Large organisations that send personal data overseas would also be bound by new principles requiring them to take reasonable steps to ensure the data remain private and secure. The Australian Council of Civil Liberties says the laws needed to be updated to recognise the growth of social media websites over recent years where many users are posting personal information about themselves online. Professor Michael emphasised that consumers who used online dating web sites were particularly vulnerable to identity attacks, given the amount of data collected by the agency to perform “matches’ with prospective candidates that was publicly available.

The new laws also include more comprehensive credit reporting which will allow the reporting of information about an individual's credit history over the previous two years to credit providers. Individuals who make a loan or credit card payments more than five days late, may struggle to obtain credit products in the future as a result of the changes. 
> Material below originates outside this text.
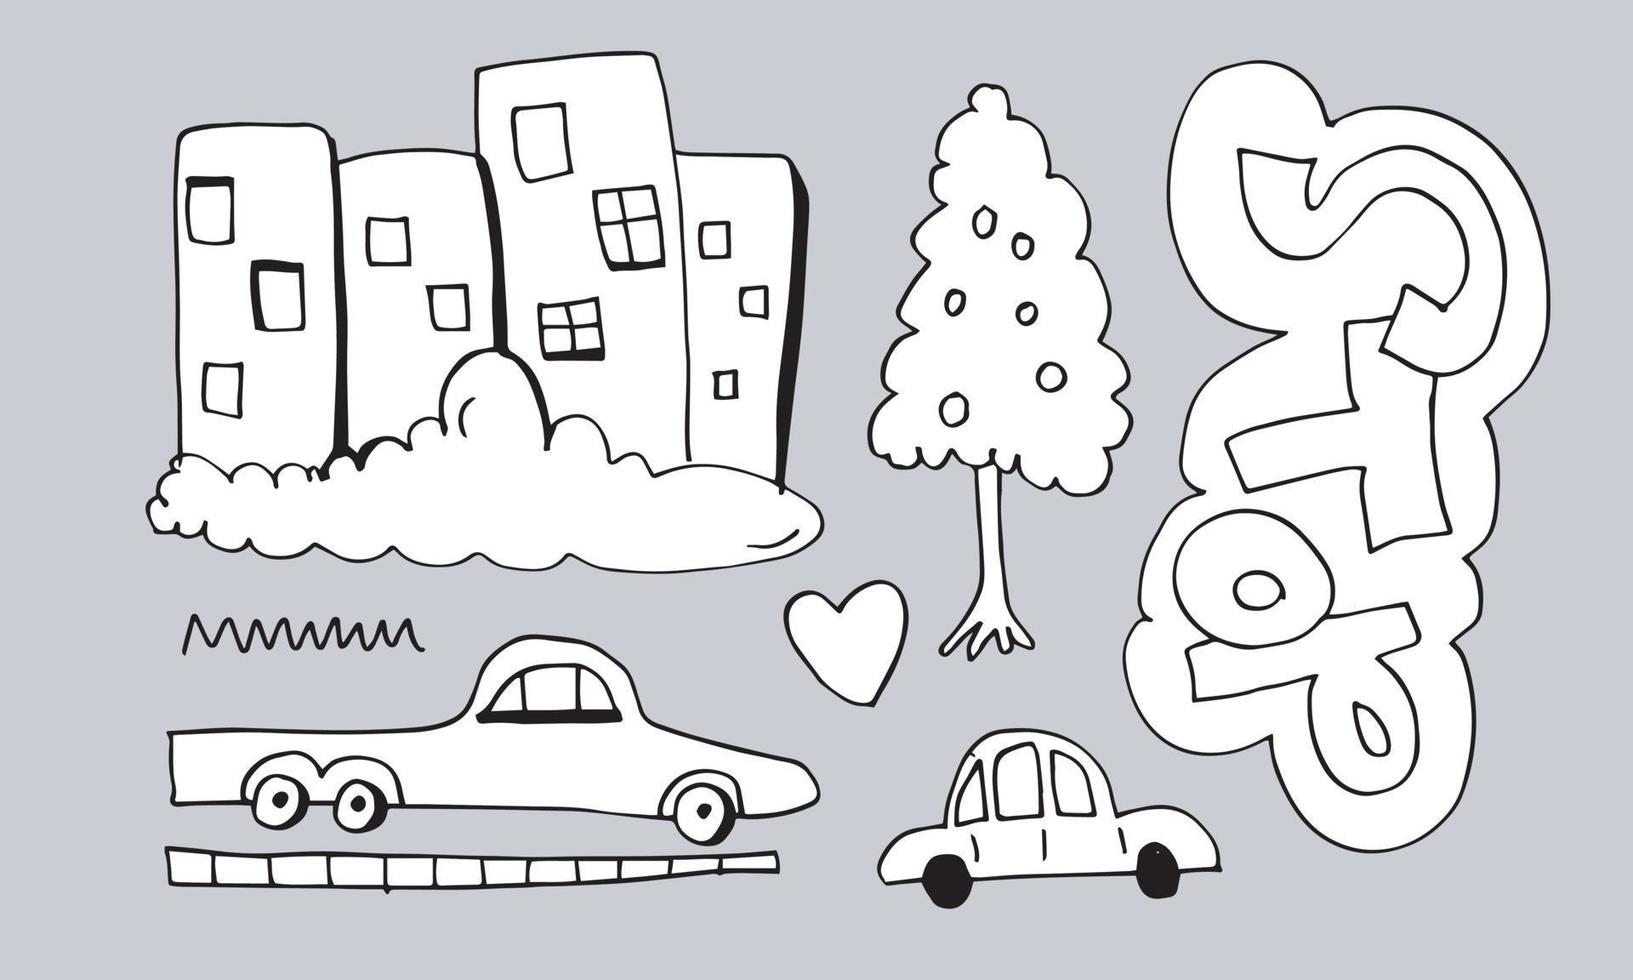 disegnare a mano di automobili, case, alberi ed edifici su sfondo bianco. vettore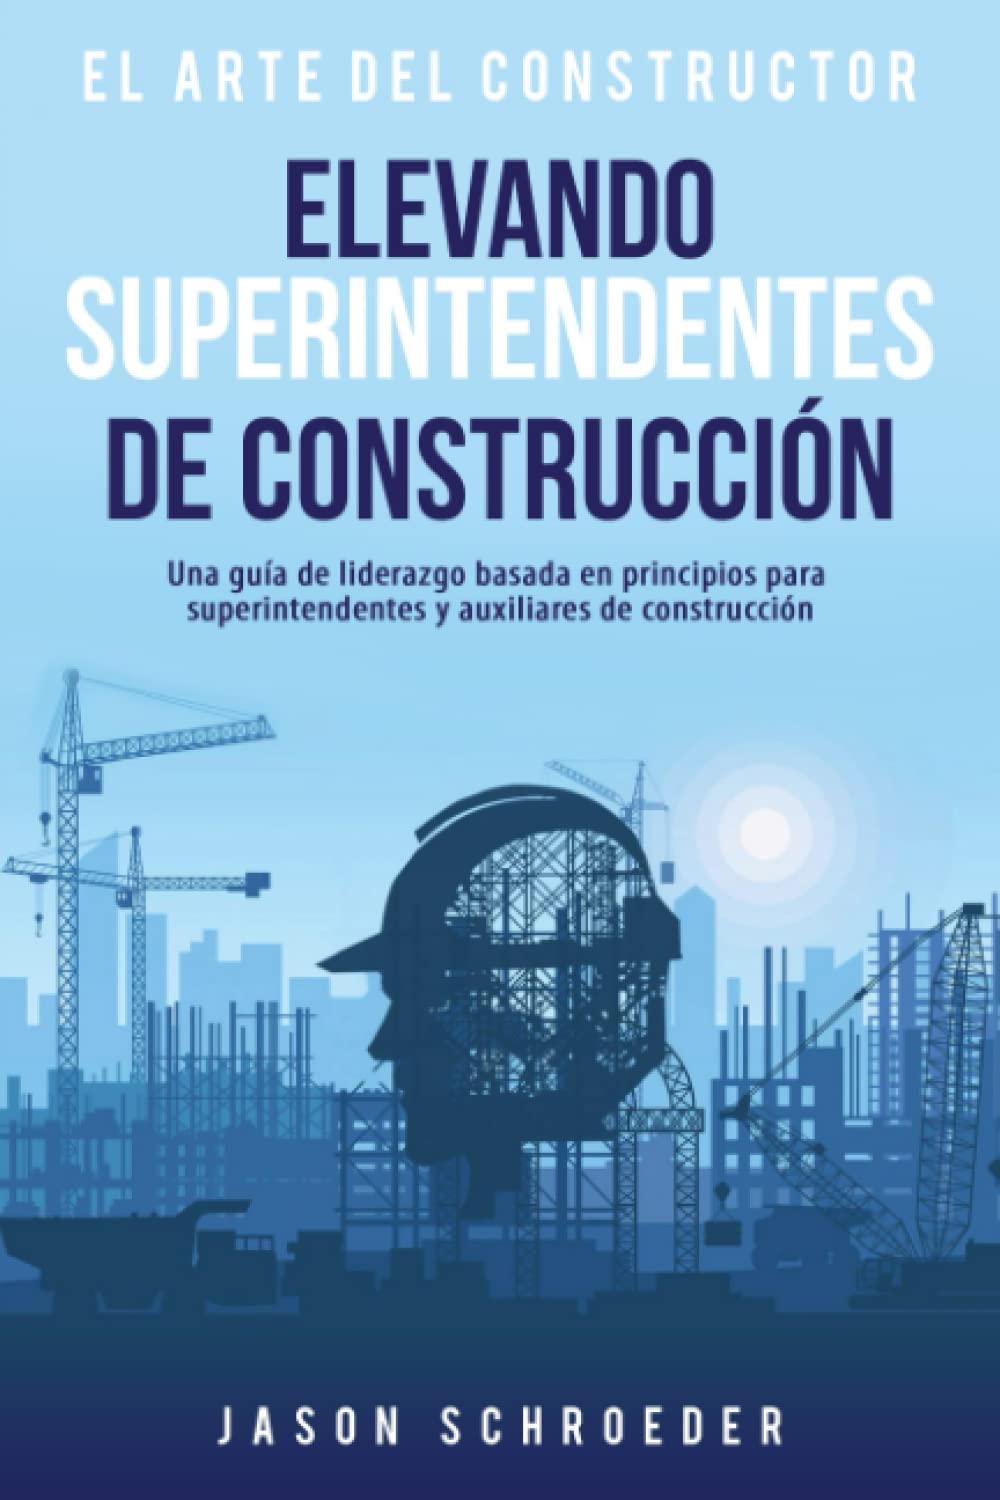 Elevando superintendentes de construcción: Una guía de liderazgo basada en principios para superintendentes auxiliaries y superintendentes en la construcción (The Art of the Builder) (Spanish Edition)

Professor Michael told ABC interviewer Rod Quinn: How many consumers are really aware that if they have been only five days late with a payment this will be listed on their credit history? The same goes if one is more than 60 days late for a utility payment. The Australian Privacy Foundation welcomes some aspects of the new laws which it believes will help to strengthen consumers' rights such as civil penalties for companies who are in breach of the Act, and also new enforcement powers by the Privacy Commissioner.

Professor Michael believes the new laws covering personal data could fail if companies send information to countries with weak privacy laws and regulations, or none at all. If a security breach occurs in an overseas organisation organisation it may remain unknown to Australian consumers. She also thinks that small businesses should not have been exempted from the new privacy laws highlighting the fact that 80 per cent of Australia's businesses are small businesses hiring a quarter of Australia's population. Australia made attempts in the 1980s to centralise people’s information on to one card (combining Medicare and Social Security information for example). However, the Australia Card and the Access Card never got off the ground. 

Professor Michael told ABC listeners that there was a real danger in centralising people’s personal data all on to one card should that information fall into the wrong hands or encourage scope creep. “Having all that information in one place is just too penetrable,” she said.
Professor Michael fielded a range of listener enquiries during her ABC Radio interview.